ECLI:NL:RBDHA:2023:7622
Rechtbank Den Haag
- Eerste aanleg - enkelvoudig
- Rechtspraak.nl
Afwijzing van een verzoek om voorlopige voorziening in vreemdelingenrechtelijke zaak
In deze zaak heeft de voorzieningenrechter van de Rechtbank Den Haag op 24 mei 2023 uitspraak gedaan in een verzoek om een voorlopige voorziening. Verzoeker, wiens naam niet is vermeld, had een aanvraag ingediend voor een verblijfsvergunning regulier voor bepaalde tijd, welke door de staatssecretaris van Justitie en Veiligheid was afgewezen. Dit besluit, het primaire besluit, dateert van 14 juni 2022. Verzoeker heeft hiertegen bezwaar gemaakt en verzocht om een voorlopige voorziening. De staatssecretaris heeft op 15 augustus 2022 op het bezwaar beslist.

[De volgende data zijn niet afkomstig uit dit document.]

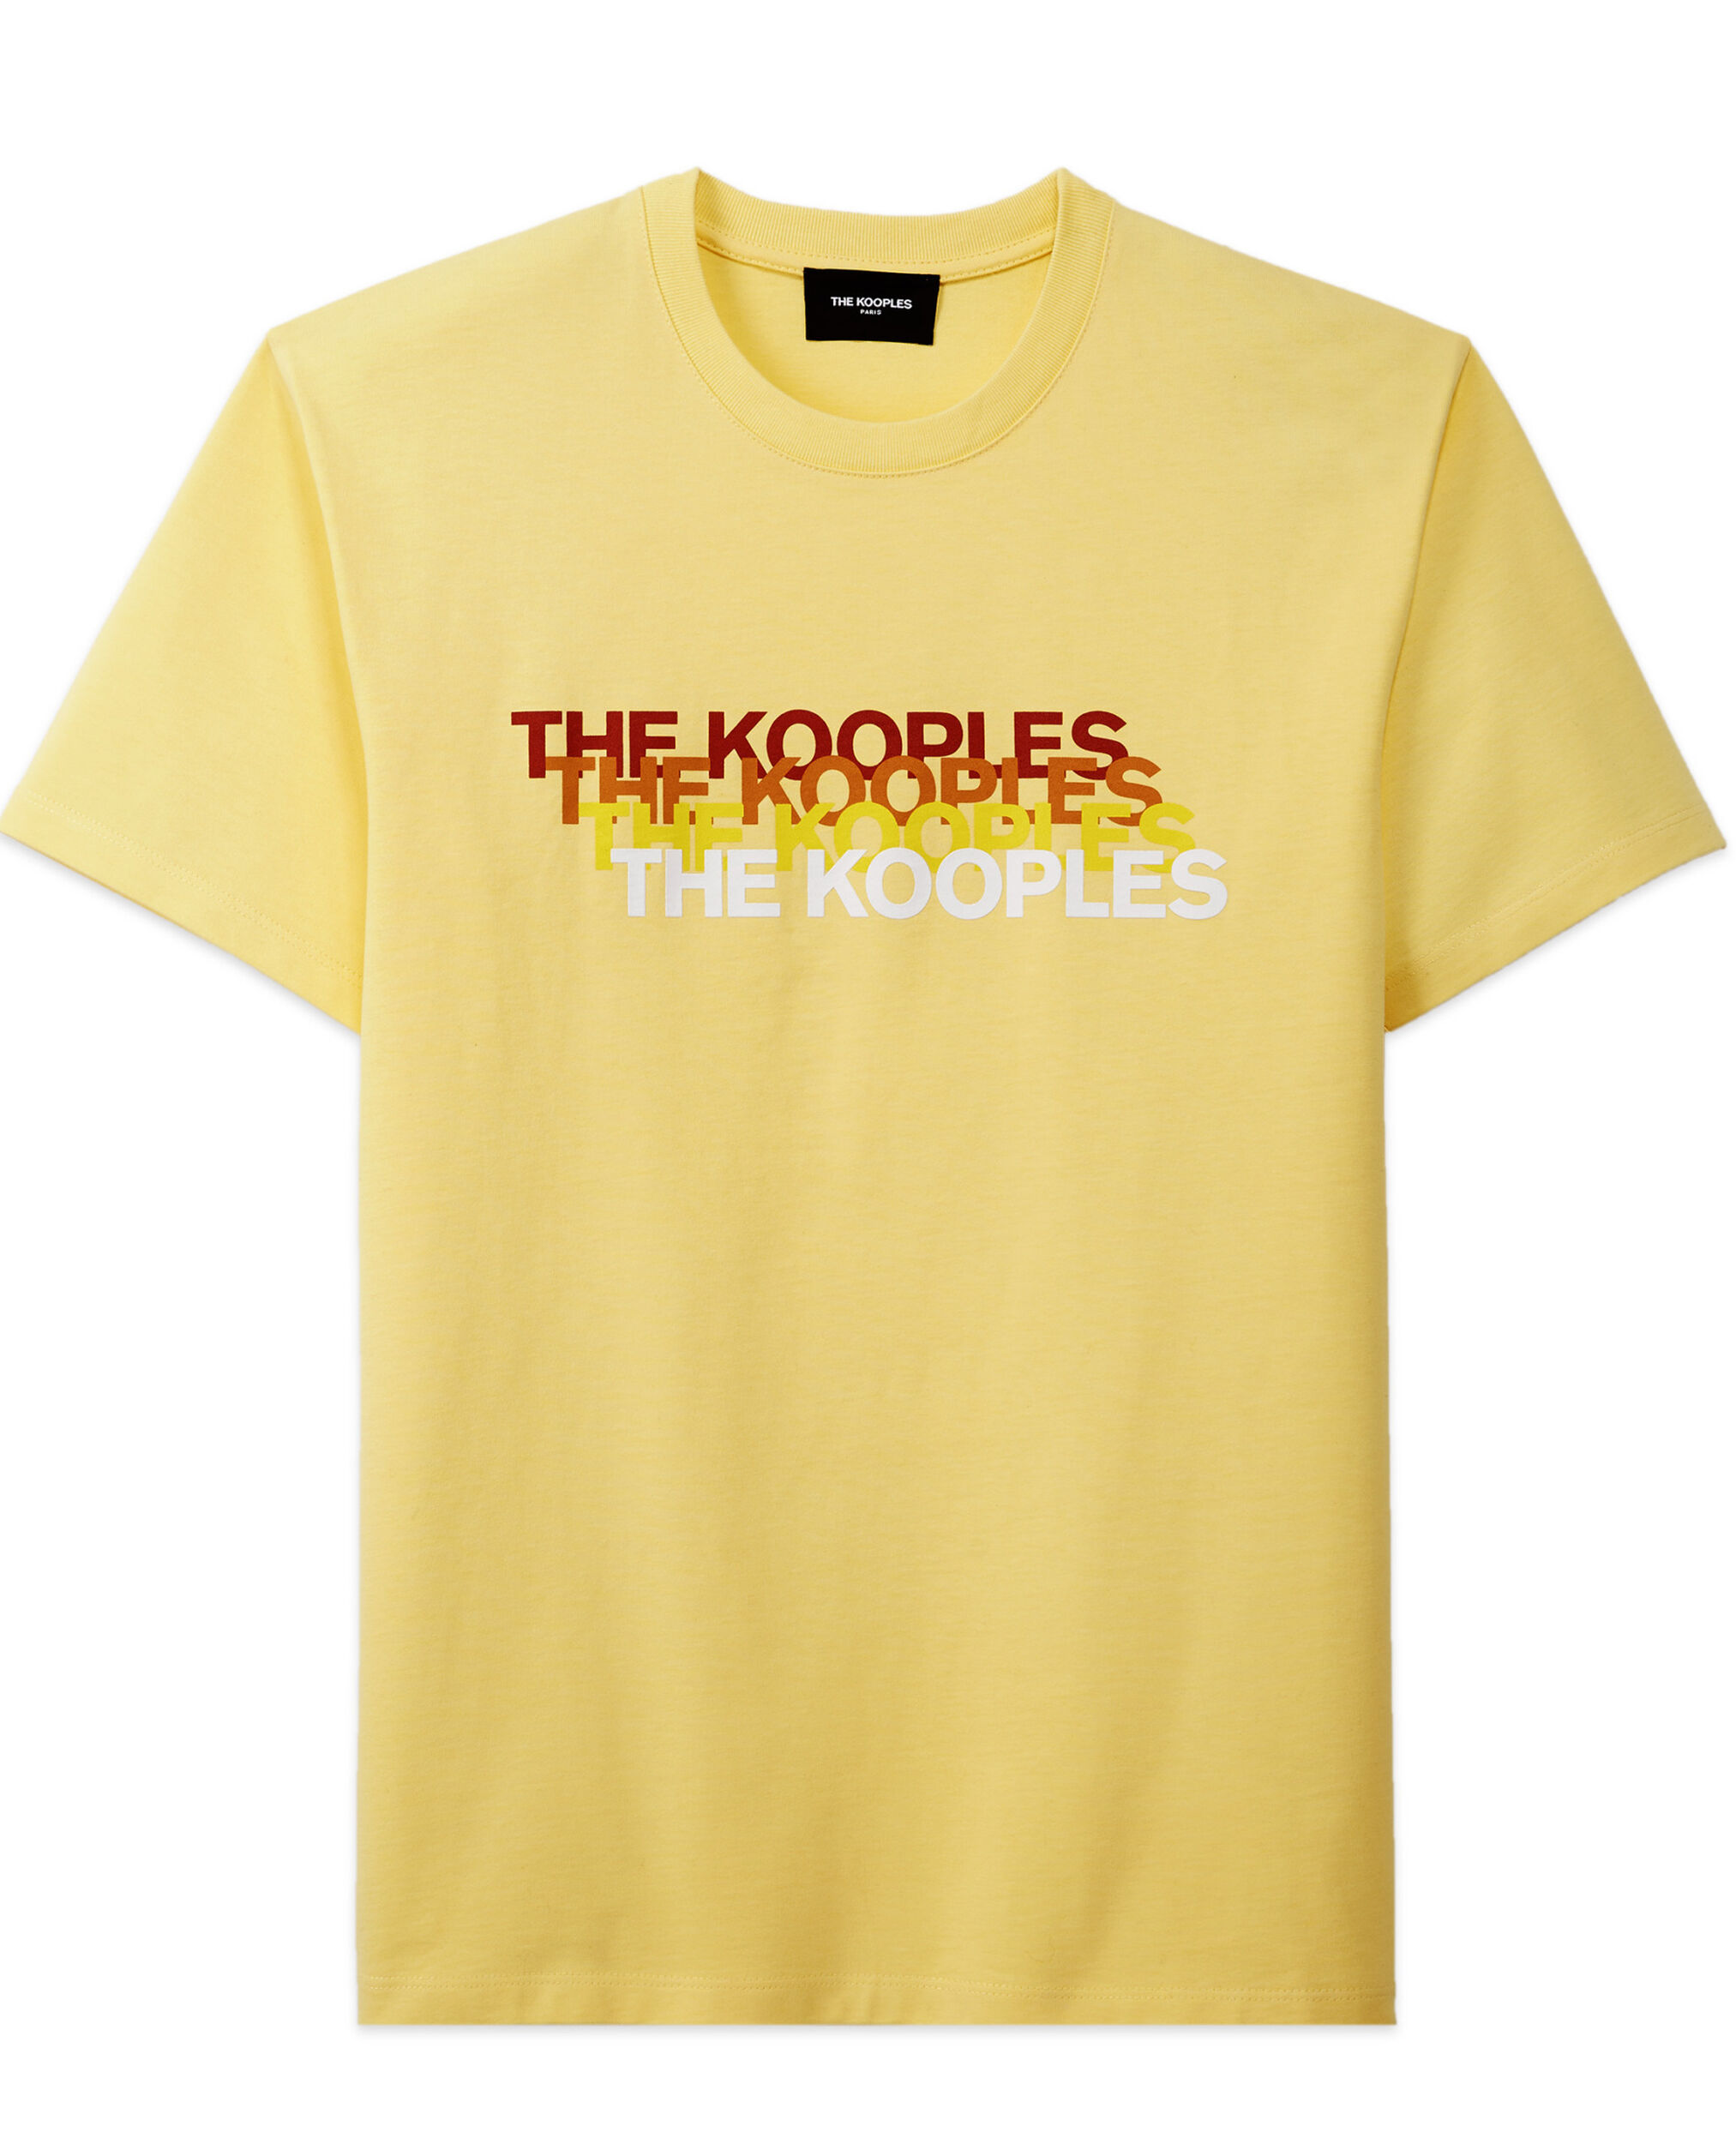 T-shirt jaune logo The Kooples contrasté, YELLOW, hi-res image number null

De voorzieningenrechter heeft de zaak zonder zitting behandeld, op basis van artikel 8:83, derde lid, van de Algemene wet bestuursrecht (Awb). In de overwegingen van de uitspraak wordt verwezen naar een eerdere uitspraak van dezelfde rechtbank in een andere zaak (AWB 22/5632), waarin op het beroep is beslist. Gezien deze eerdere uitspraak wordt het verzoek om een voorlopige voorziening als kennelijk ongegrond afgewezen. Tevens is er geen aanleiding voor een proceskostenveroordeling.
De uitspraak is gedaan door mr. E.F. Bethlehem, de voorzieningenrechter, en mr. S.C. Spruijt fungeerde als griffier. De uitspraak is openbaar gemaakt via een geanonimiseerde publicatie op de website van de rechtspraak. Tegen deze uitspraak staat geen rechtsmiddel open.